In the present embodiment, the same structure of engaging portions is applied to modules having the same function. For example, in the structure of the modules 1A and 1B shown in fig. 1 as the module 1, the modules 1A and 1B have the same functions as those shown in fig. 2. Accordingly, 2 base units 110 applied to the modules 1A and 1B each have the first engaging portion 130 shown in fig. 3. Also, the structure of the modules 2A, 2B (refer to fig. 1) is as shown in fig. 2 as the module 2, and the modules 2A, 2B have the same function. Accordingly, each of the 2 base units 210 applied to the modules 2A and 2B has the second engaging portion 240 and the third engaging portion 230 shown in fig. 3. In other words, the modules 2A, 2B have the protruding parts 242, 247 and the recesses 232, 234 at the same position or substantially the same position.

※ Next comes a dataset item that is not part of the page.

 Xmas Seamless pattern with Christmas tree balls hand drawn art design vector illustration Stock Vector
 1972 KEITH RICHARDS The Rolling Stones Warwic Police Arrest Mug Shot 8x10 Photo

However, the adjacent module determination units 152 and 250 and the like provided in the respective base units 110 and the like identify the respective modules regardless of whether or not the functions are common. That is, the adjacent module determination unit 152 mounted in the module 1A recognizes the adjacent module determination unit 250 mounted in the module 2A and the adjacent module determination unit 250 mounted in the module 2B as being different. The same applies to other adjacent block determination units. Therefore, when the operator brings the module 1A and the module 2B closer to each other within the predetermined distance, the adjacent module determination unit 152 of the module 1A and the adjacent module determination unit 250 of the module 2B simultaneously output a warning indicating "erroneous module adjacent".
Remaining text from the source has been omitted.